─── GIVEN RECORDS ───
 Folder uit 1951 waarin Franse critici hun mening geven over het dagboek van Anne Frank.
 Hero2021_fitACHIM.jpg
───
─── GIVEN RECORDS ───
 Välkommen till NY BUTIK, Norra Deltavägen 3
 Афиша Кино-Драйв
───
─── GIVEN RECORDS ───
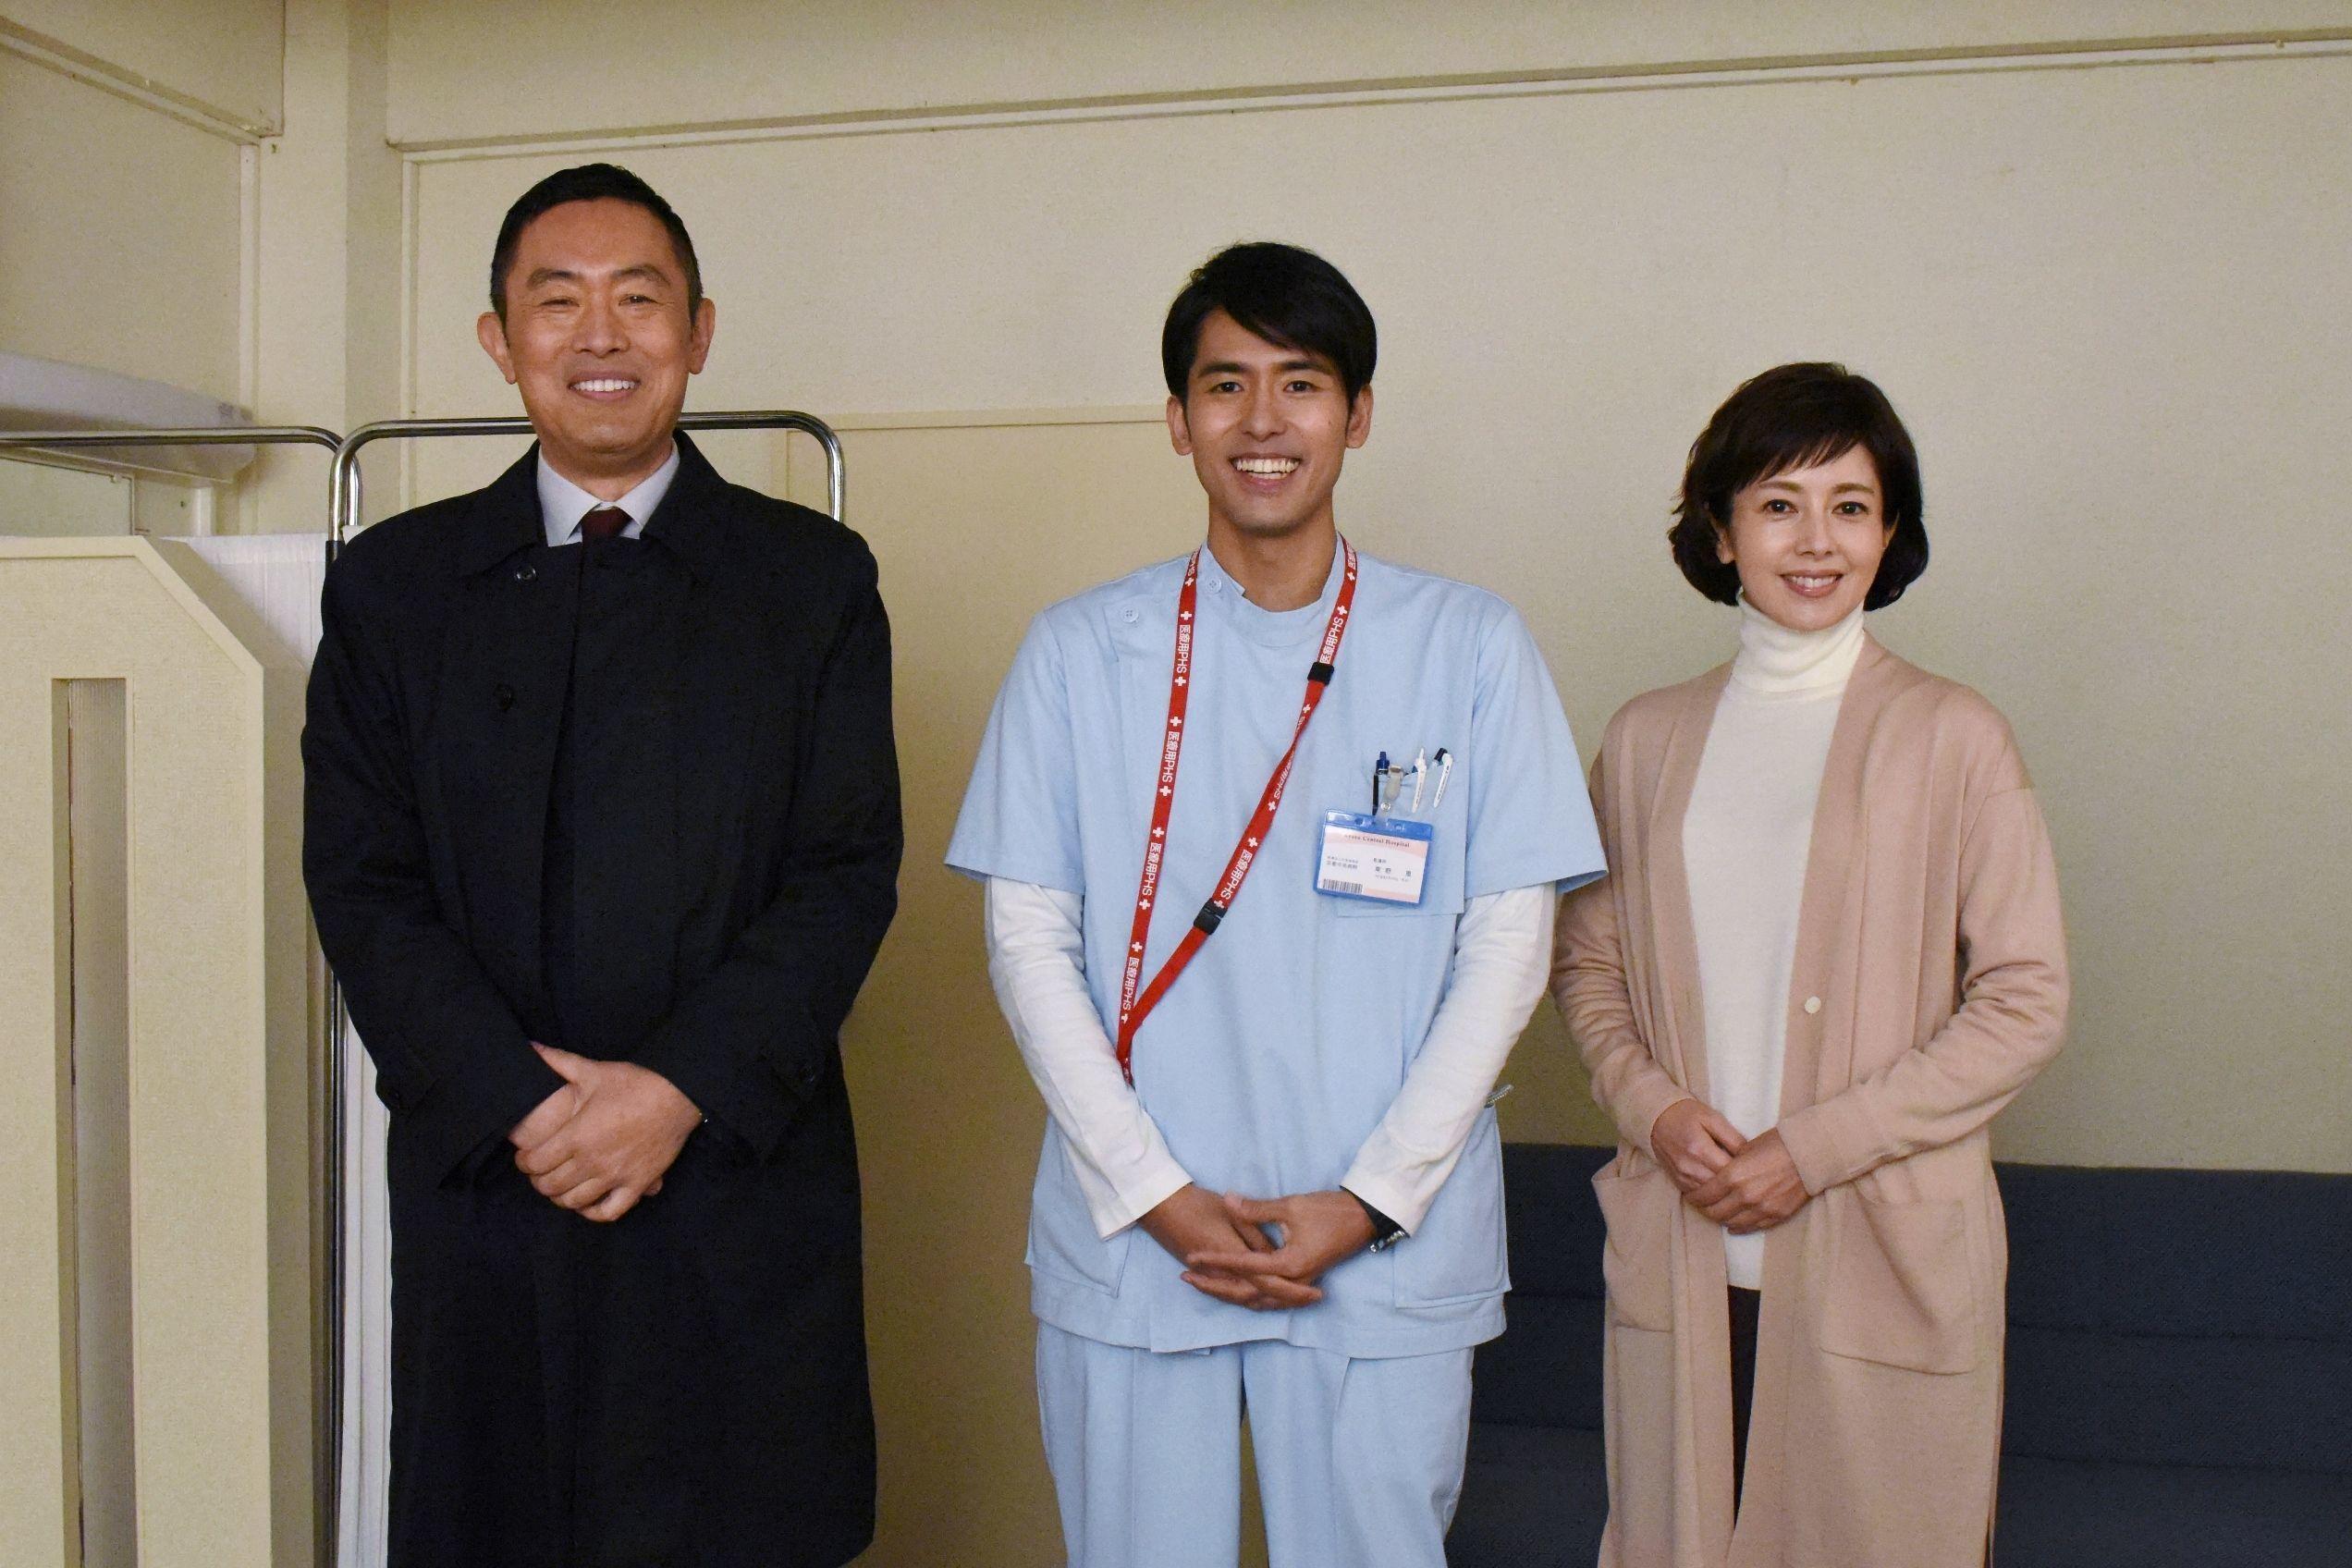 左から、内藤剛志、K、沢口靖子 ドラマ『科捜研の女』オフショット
───
» TASK STATEMENT: Reproduce the lines of the entries above from the one with "Välkommen till NY BUTIK, Norra Deltavägen 3" to the one with "Афиша Кино-Драйв", both included, exactly and without any other line.

» RESULT BELOW:
 Välkommen till NY BUTIK, Norra Deltavägen 3
 Афиша Кино-Драйв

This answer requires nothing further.